Home » Questions » Computers [ Ask a new question ]

CSV string handling

CSV string handling

"Typical way of creating a CSV string (pseudocode):

Create a CSV container object (like a StringBuilder in C#).
Loop through the strings you want to add appending a comma after each one.
After the loop, remove that last superfluous comma.

Code sample:

public string ReturnAsCSV(ContactList contactList)
{
StringBuilder sb = new StringBuilder();
foreach (Contact c in contactList)
{
sb.Append(c.Name + "","");
}

sb.Remove(sb.Length - 1, 1);
//sb.Replace("","", """", sb.Length - 1, 1)

return sb.ToString();
}

I like the idea of adding the comma by checking if the container is empty, but doesn't that mean more processing as it needs to check the length of the string on each occurrence?

I feel that there should be an easier/cleaner/more efficient way of removing that last comma. Any ideas?"

Asked by: Guest | Views: 236
Total answers/comments: 4
Guest [Entry]

"You could use LINQ to Objects:

string [] strings = contactList.Select(c => c.Name).ToArray();
string csv = string.Join("","", strings);

Obviously that could all be done in one line, but it's a bit clearer on two."
Guest [Entry]

"Your code not really compliant with full CSV format. If you are just generating CSV from data that has no commas, leading/trailing spaces, tabs, newlines or quotes, it should be fine. However, in most real-world data-exchange scenarios, you do need the full imlementation.

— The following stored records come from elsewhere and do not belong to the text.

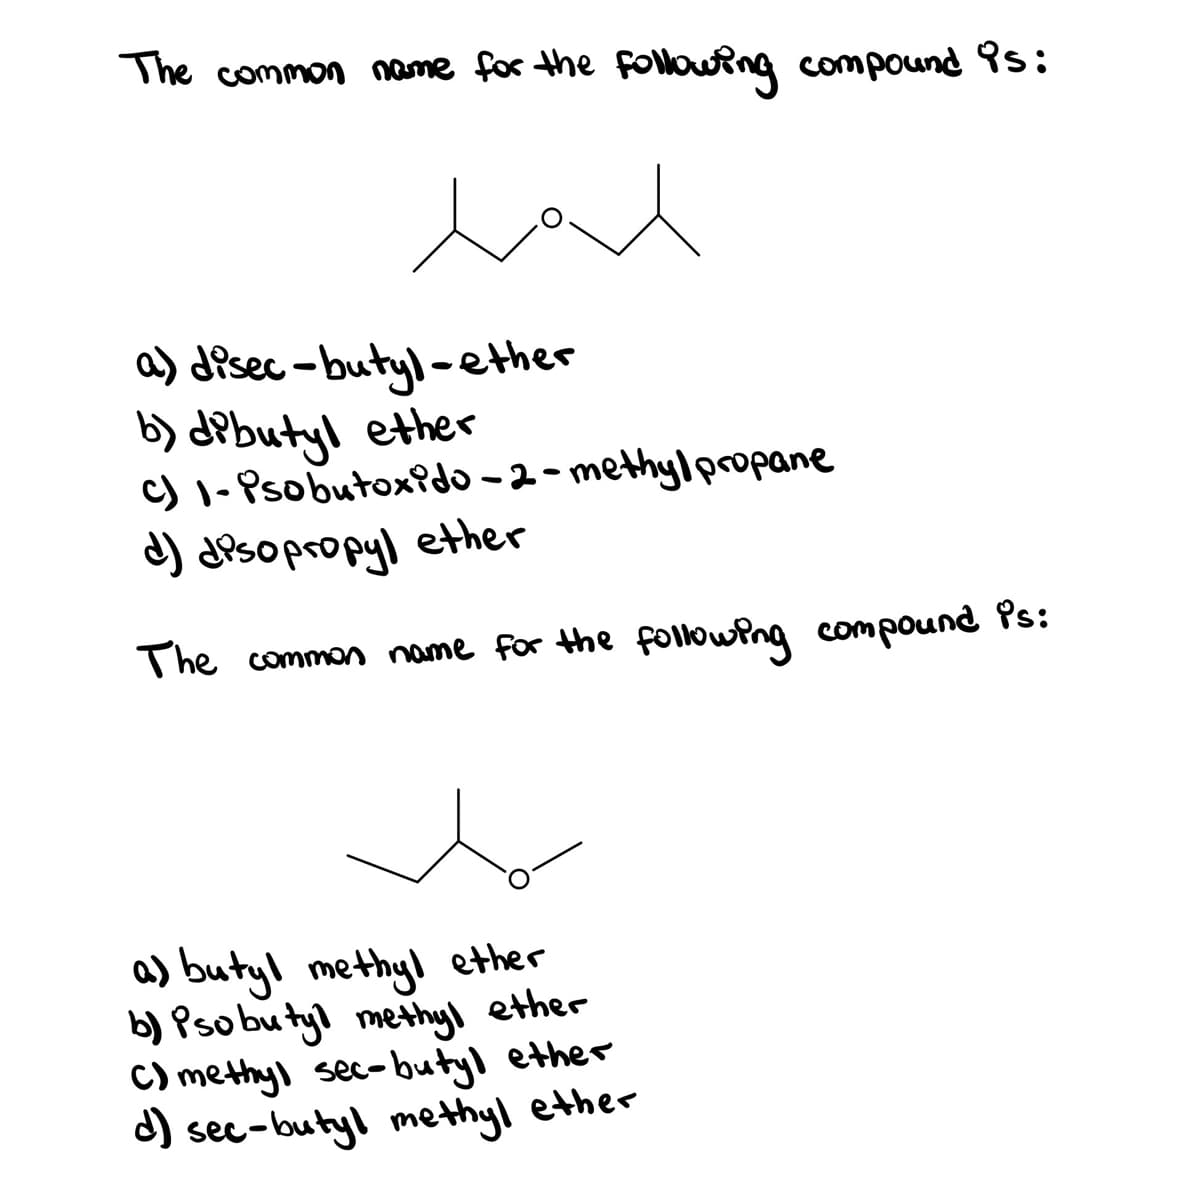 The common name for the Following compound 9s:
a) disec -butyl-ether
b) dPbutyl ether
c) 1- Psobutox?do – 2 - methyl propane
d) disopropyl ether
The common name for the followPng compound Ps:
a) butyl methyl ether
b) Pso bu tyl methyl ether
C) methyl sec-butyl ether
d) sec-butyl methyl ether

For generation to proper CSV, you can use this:

public static String EncodeCsvLine(params String[] fields)
{
StringBuilder line = new StringBuilder();

for (int i = 0; i < fields.Length; i++)
{
if (i > 0)
{
line.Append(DelimiterChar);
}

String csvField = EncodeCsvField(fields[i]);
line.Append(csvField);
}

return line.ToString();
}

static String EncodeCsvField(String field)
{
StringBuilder sb = new StringBuilder();
sb.Append(field);

// Some fields with special characters must be embedded in double quotes
bool embedInQuotes = false;

// Embed in quotes to preserve leading/tralining whitespace
if (sb.Length > 0 &&
(sb[0] == ' ' ||
sb[0] == '\t' ||
sb[sb.Length-1] == ' ' ||
sb[sb.Length-1] == '\t' ))
{
embedInQuotes = true;
}

for (int i = 0; i < sb.Length; i++)
{
// Embed in quotes to preserve: commas, line-breaks etc.
if (sb[i] == DelimiterChar ||
sb[i]=='\r' ||
sb[i]=='\n' ||
sb[i] == '""')
{
embedInQuotes = true;
break;
}
}

// If the field itself has quotes, they must each be represented
// by a pair of consecutive quotes.
sb.Replace(""\"""", ""\""\"""");

String rv = sb.ToString();

if (embedInQuotes)
{
rv = ""\"""" + rv + ""\"""";
}

return rv;
}

Might not be world's most efficient code, but it has been tested. Real world sucks compared to quick sample code :)"
Guest [Entry]

"Why not use one of the open source CSV libraries out there?

I know it sounds like overkill for something that appears so simple, but as you can tell by the comments and code snippets, there's more than meets the eye. In addition to handling full CSV compliance, you'll eventually want to handle both reading and writing CSVs... and you may want file manipulation.

I've used Open CSV on one of my projects before (but there are plenty of others to choose from). It certainly made my life easier. ;)"
Guest [Entry]

"Don't forget our old friend ""for"". It's not as nice-looking as foreach but it has the advantage of being able to start at the second element.

public string ReturnAsCSV(ContactList contactList)
{
if (contactList == null || contactList.Count == 0)
return string.Empty;

StringBuilder sb = new StringBuilder(contactList[0].Name);

for (int i = 1; i < contactList.Count; i++)
{
sb.Append("","");
sb.Append(contactList[i].Name);
}

return sb.ToString();
}

You could also wrap the second Append in an ""if"" that tests whether the Name property contains a double-quote or a comma, and if so, escape them appropriately."